Re: All nodes are not used

Posted by Madhav Sharan <ms...@usc.edu>.

Hi Sunil - Thanks a lot for replying

For one job run yes some nodes don't take load at all. But if I rerun no
these are not same nodes always.

One map job takes ~3 seconds to run and till now I am not able to run my
whole job on a bigger data set so I can't say that container are short
lived.

I was doing experiments and if I split input file into N files where N =
number of cores then my job starts running on all cores. So may be I need
to look at split size. Any trick to set split size = number of cores?

I can try adjusting mapred.min.split.size manually otherwise.


--
Madhav Sharan


On Tue, Aug 9, 2016 at 8:27 AM, Sunil Govind <su...@gmail.com> wrote:

> HI Madhav
>
> Could you help to share some more information here. When u say few nodes
> are not utilized, is it always same nodes which are not utilized?
>
> also how long each of these container are running on an average, pls make
> sure you have provided enough split size to ensure the containers are not
> short running.
>
> Thanks
> Sunil
>
> On Tue, Aug 9, 2016 at 4:49 AM Madhav Sharan <ms...@usc.edu> wrote:
>
>> Hi Hadoop users,
>>
>> I am running a m/r job with an input file of 23 million records.

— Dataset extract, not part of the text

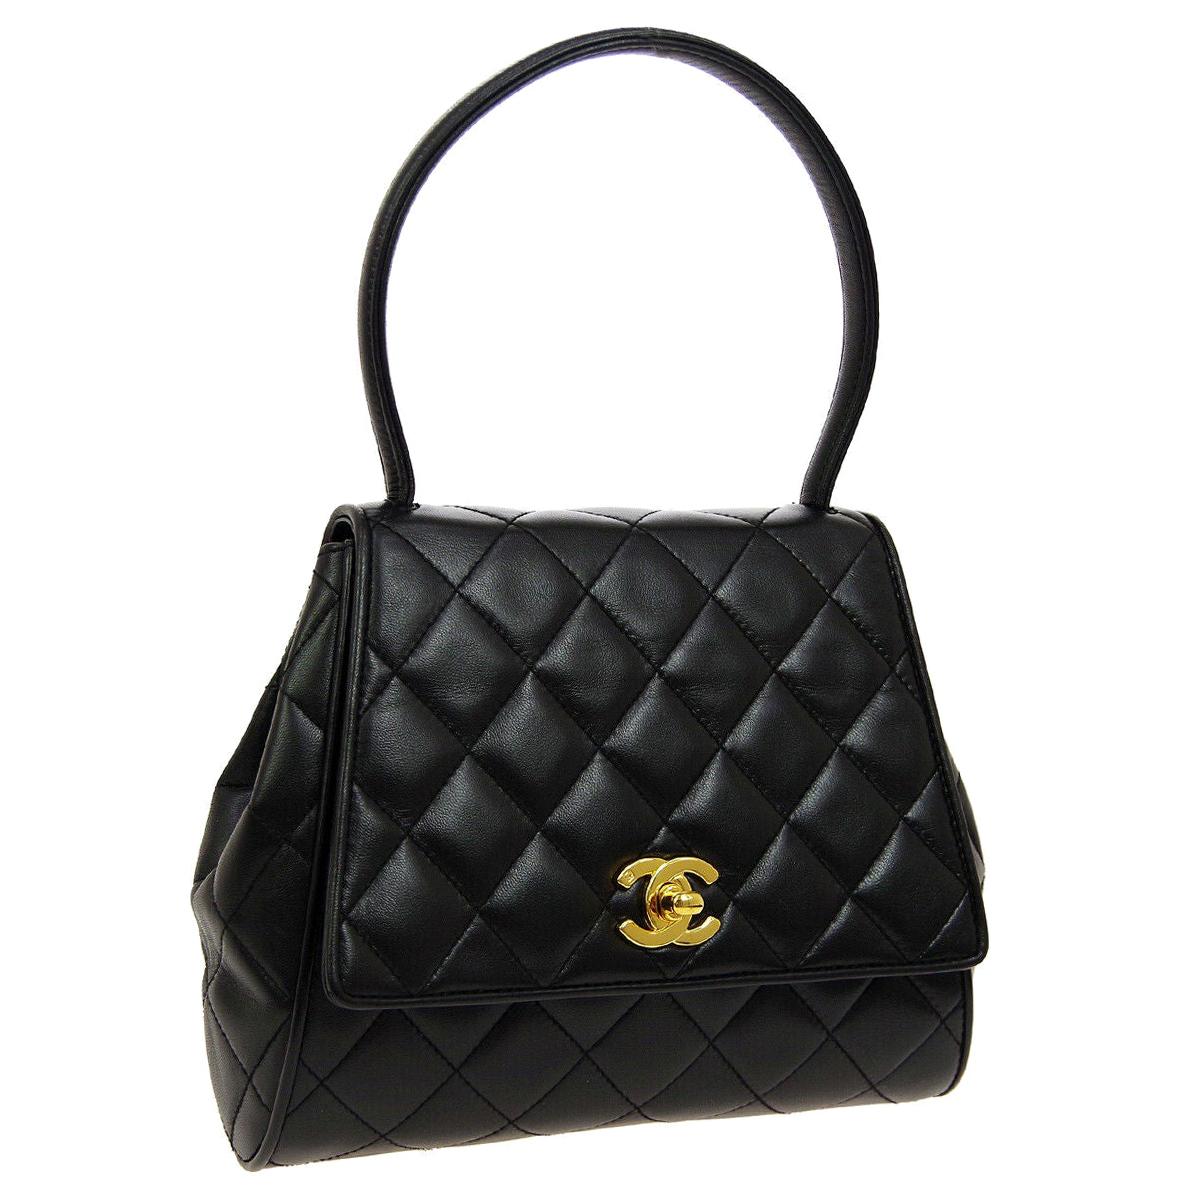 Chanel Black Leather Small Mini Kelly Style Evening Top Handle Satchel  Flap Bag

I can
>> see all our files are not getting used.
>>
>> What can I change to utilize all nodes?
>>
>>
>> Containers Mem Used Mem Avail Vcores used Vcores avail
>> 8 11.25 GB 0 B 8 0
>> 0 0 B 11.25 GB 0 8
>> 0 0 B 11.25 GB 0 8
>> 8 11.25 GB 0 B 8 0
>> 8 11.25 GB 0 B 8 0
>> 7 11.25 GB 0 B 7 1
>> 5 7.03 GB 4.22 GB 5 3
>> 0 0 B 11.25 GB 0 8
>> 0 0 B 11.25 GB 0 8
>>
>>
>> My command looks like -
>>
>> hadoop jar target/pooled-time-series-1.0-SNAPSHOT-jar-with-dependencies.jar
>> gov.nasa.jpl.memex.pooledtimeseries.MeanChiSquareDistanceCalculation
>> /user/pts/output/MeanChiSquareAndSimilarityInput
>> /user/pts/output/MeanChiSquaredCalcOutput
>>
>> Directory - */user/pts/output/MeanChiSquareAndSimilarityInput* have a
>> input file of 23 m records. File size is ~3 GB
>>
>> Code - https://github.com/smadha/pooled_time_series/blob/master/src
>> /main/java/gov/nasa/jpl/memex/pooledtimeseries/MeanChiSquare
>> DistanceCalculation.java#L135
>> <https://urldefense.proofpoint.com/v2/url?u=https-3A__github.com_smadha_pooled-5Ftime-5Fseries_blob_master_src_main_java_gov_nasa_jpl_memex_pooledtimeseries_MeanChiSquareDistanceCalculation.java-23L135&d=DQMFaQ&c=clK7kQUTWtAVEOVIgvi0NU5BOUHhpN0H8p7CSfnc_gI&r=DhBa2eLkbd4gAFB01lkNgg&m=lW_zVvBUpXydqujJG2o4HChrLD-0A-mjoMCXOaKh2eI&s=TdXRcXKJ9MowW1sS7KlhX14-45SNMj0O6gVqBqoEjwg&e=>
>>
>>
>> --
>> Madhav Sharan
>>
>>

Re: All nodes are not used

Posted by Sunil Govind <su...@gmail.com>.

HI Madhav

Could you help to share some more information here. When u say few nodes
are not utilized, is it always same nodes which are not utilized?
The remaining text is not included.